> [Supplied material]:

BEGIN

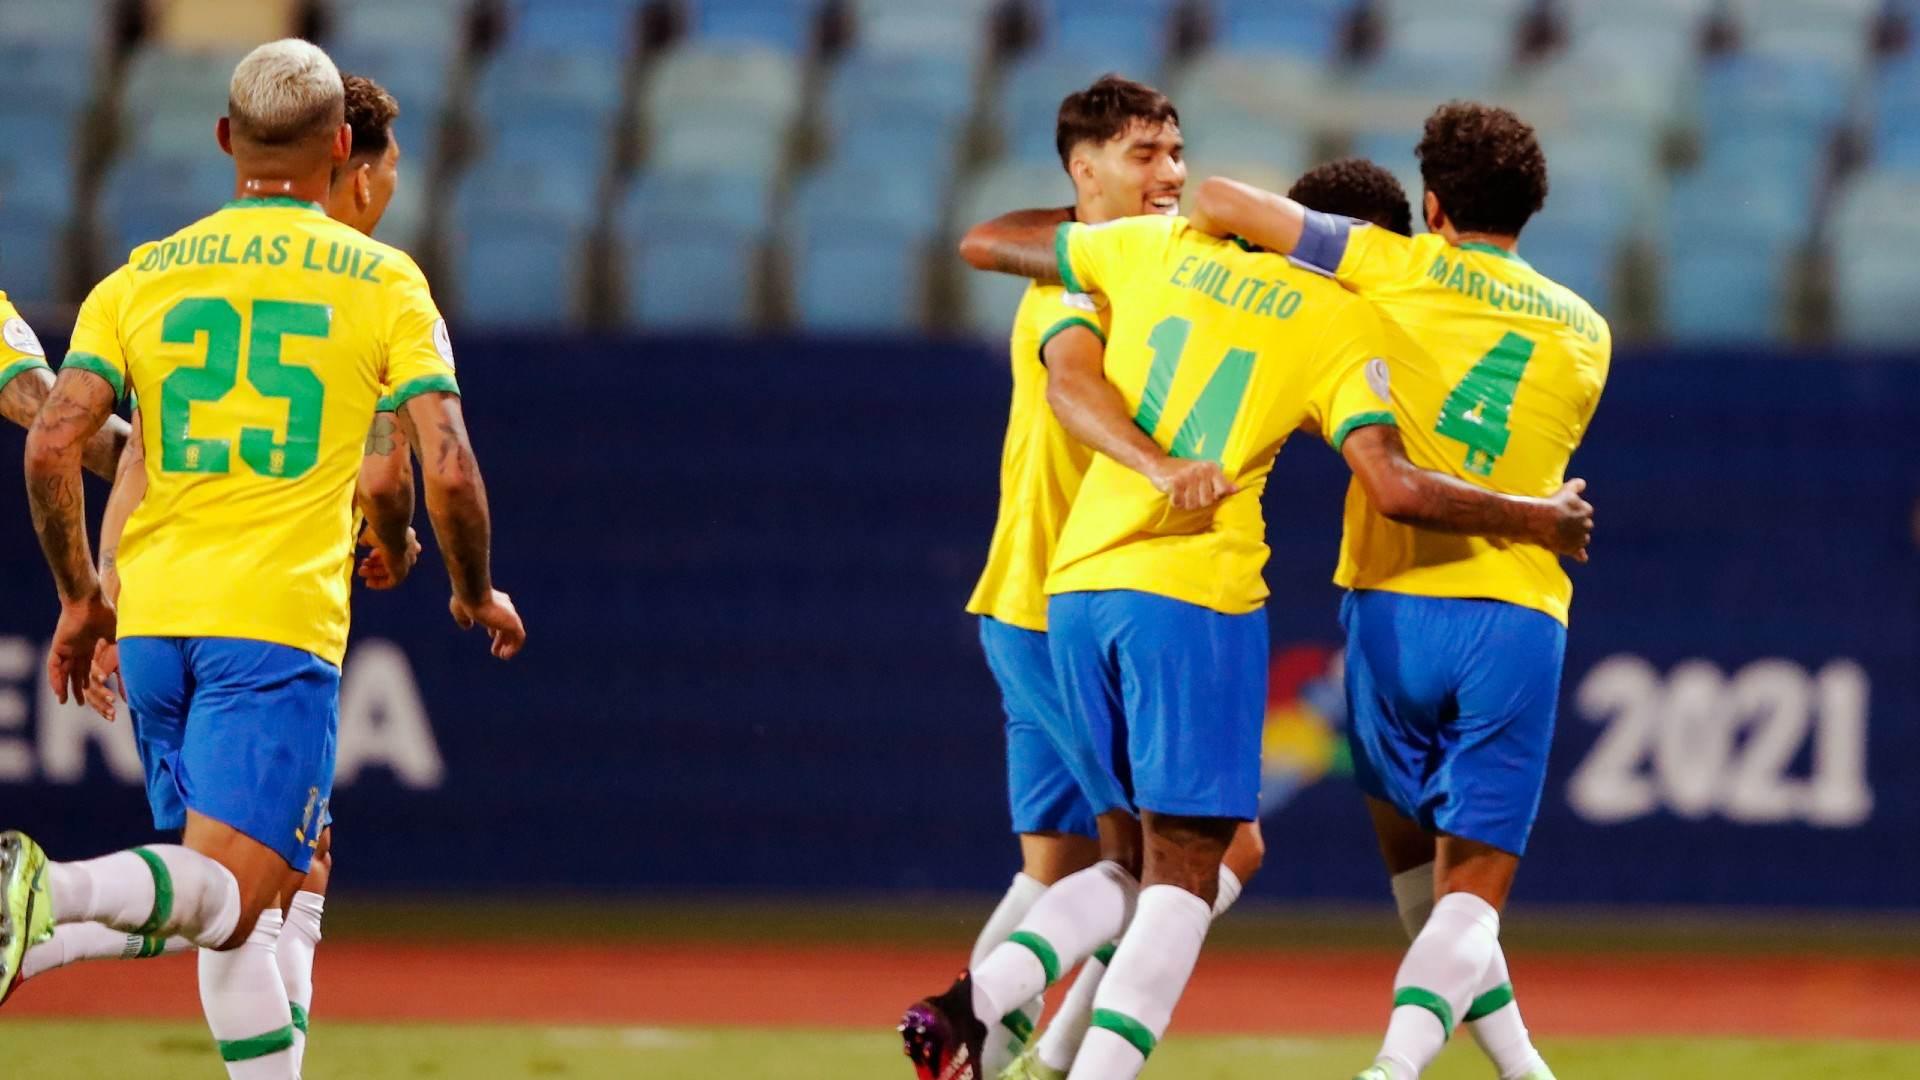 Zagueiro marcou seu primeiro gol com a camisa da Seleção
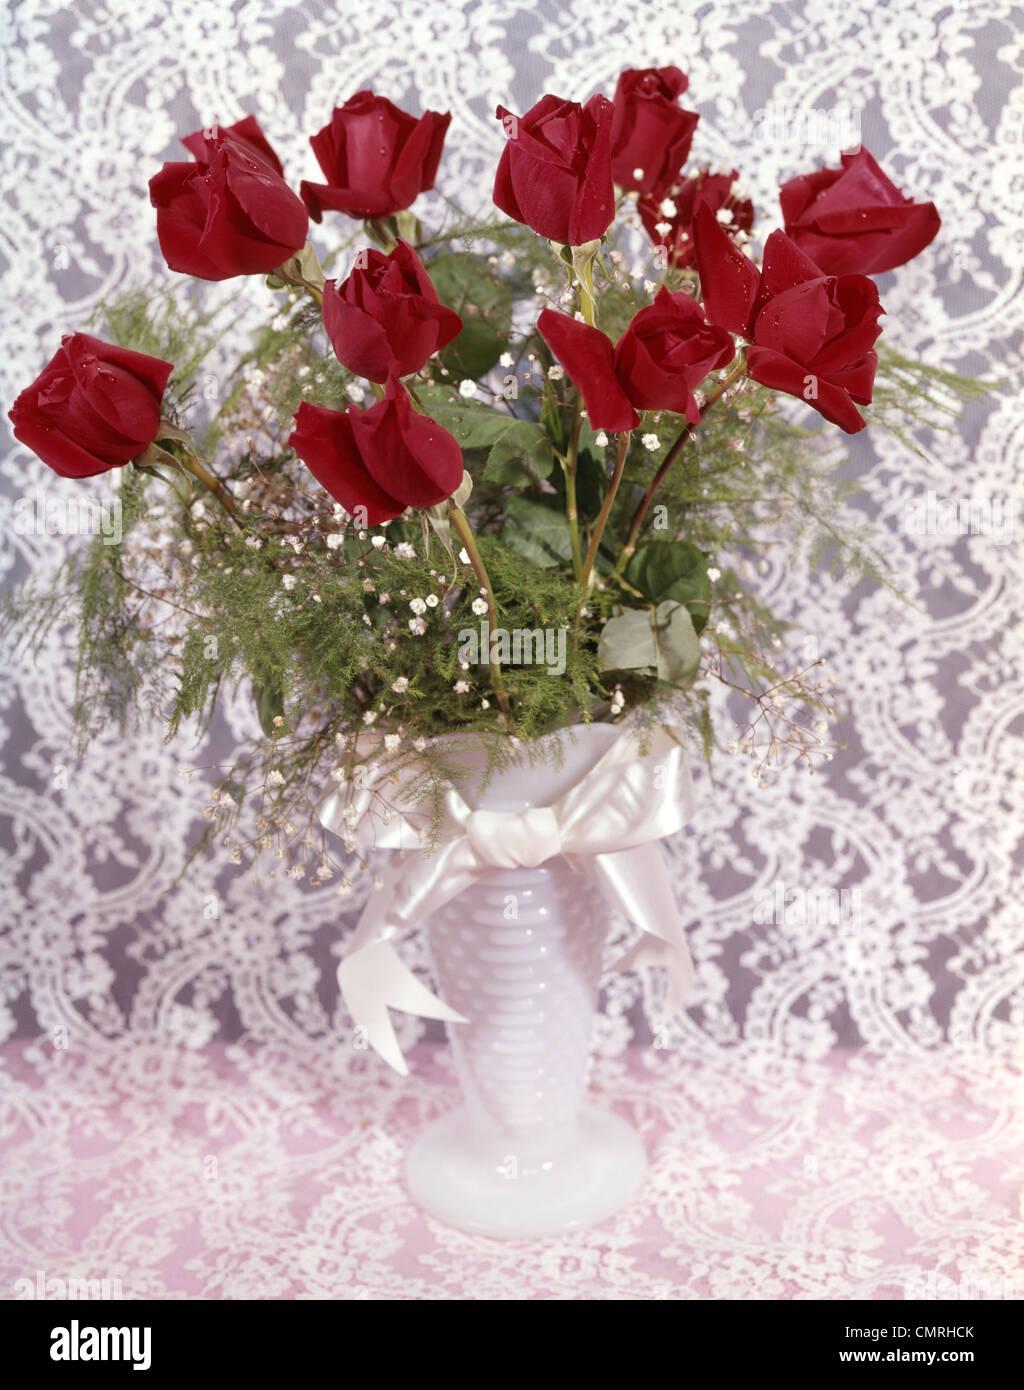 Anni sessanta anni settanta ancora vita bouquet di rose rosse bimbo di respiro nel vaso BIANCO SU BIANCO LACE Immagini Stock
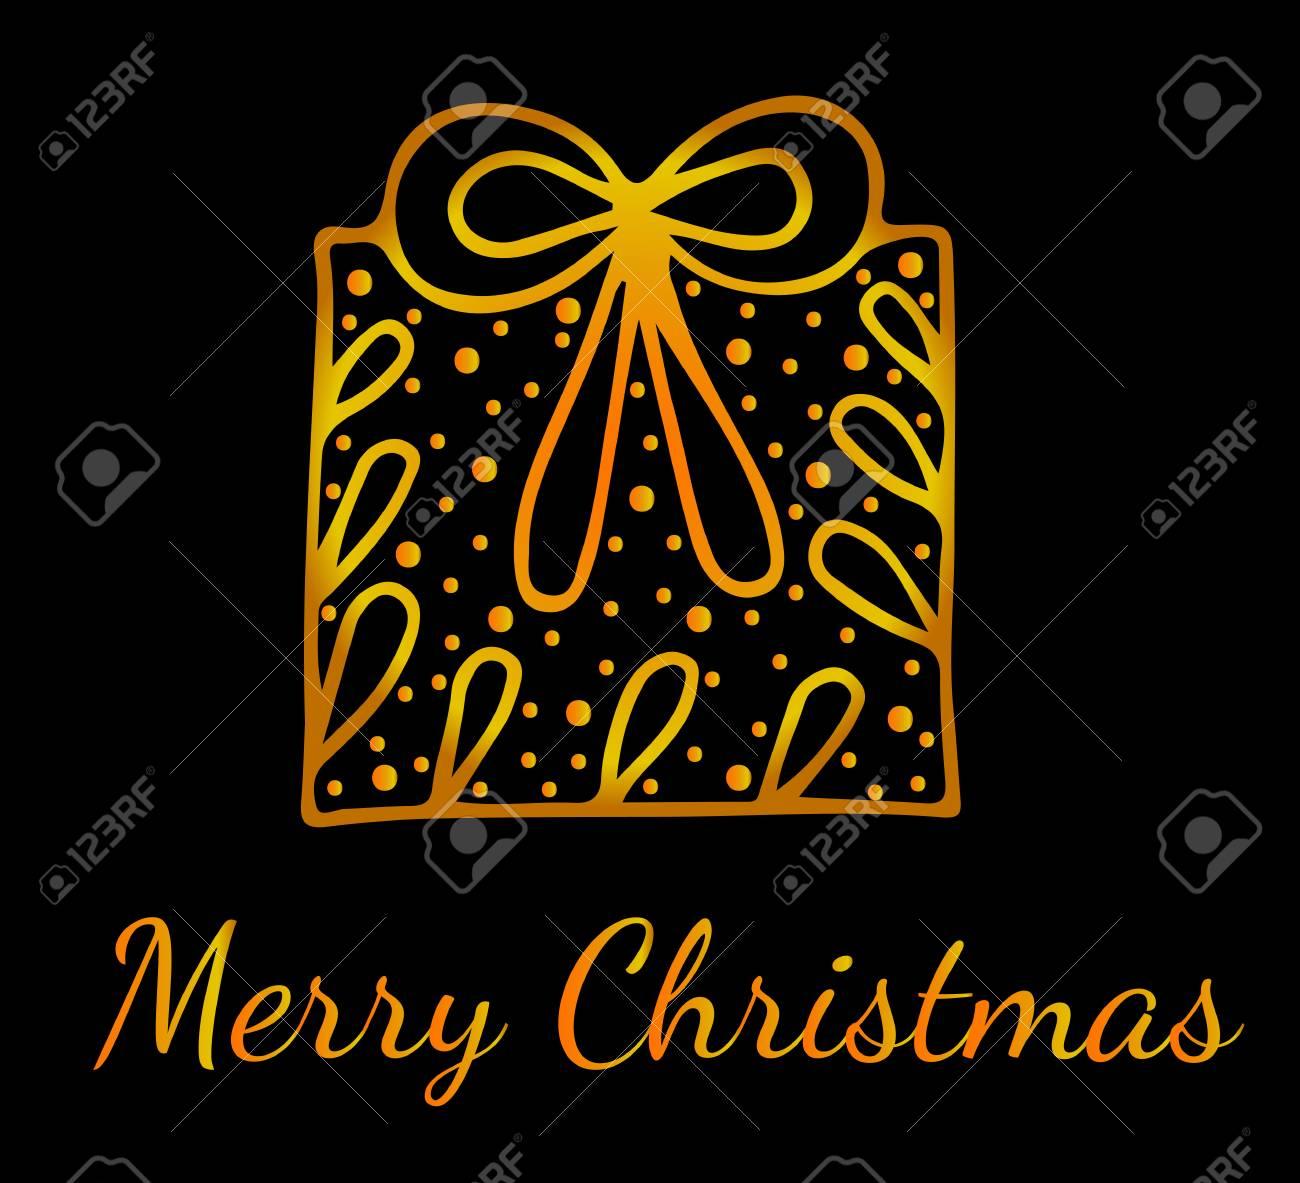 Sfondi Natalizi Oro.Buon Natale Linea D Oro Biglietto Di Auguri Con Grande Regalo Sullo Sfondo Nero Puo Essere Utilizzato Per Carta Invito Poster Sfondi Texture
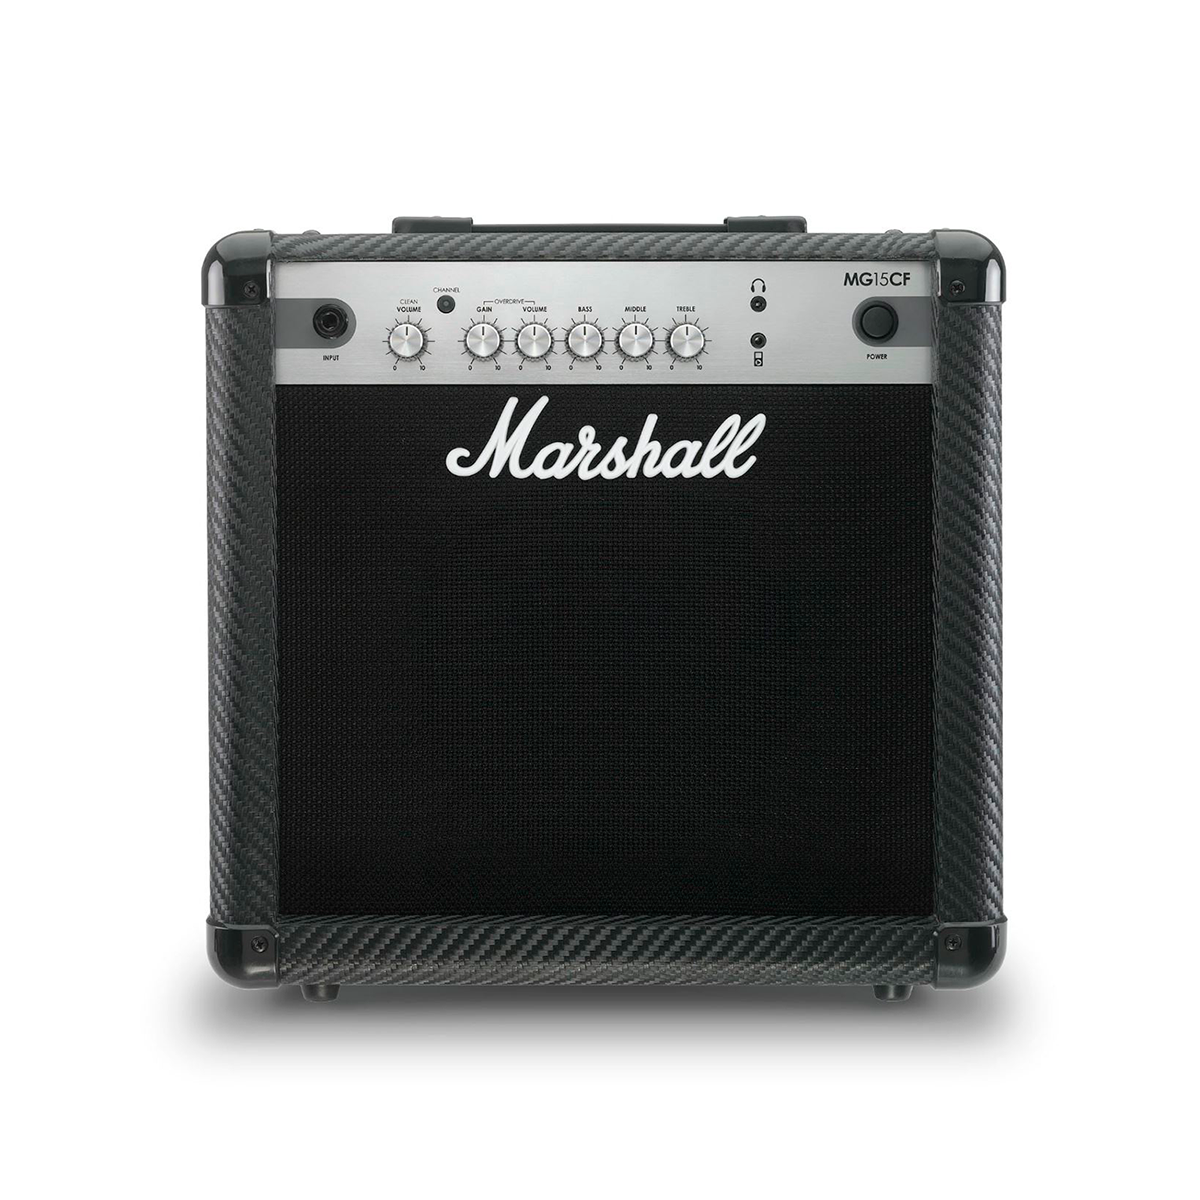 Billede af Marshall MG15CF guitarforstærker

END

> [What the exercise asks]: Set down the material once more, exactly, with the pictures omitted.

> [Result below]:
 Zagueiro marcou seu primeiro gol com a camisa da Seleção
 Anni sessanta anni settanta ancora vita bouquet di rose rosse bimbo di respiro nel vaso BIANCO SU BIANCO LACE Immagini Stock
 Sfondi Natalizi Oro.Buon Natale Linea D Oro Biglietto Di Auguri Con Grande Regalo Sullo Sfondo Nero Puo Essere Utilizzato Per Carta Invito Poster Sfondi Texture
 Billede af Marshall MG15CF guitarforstærker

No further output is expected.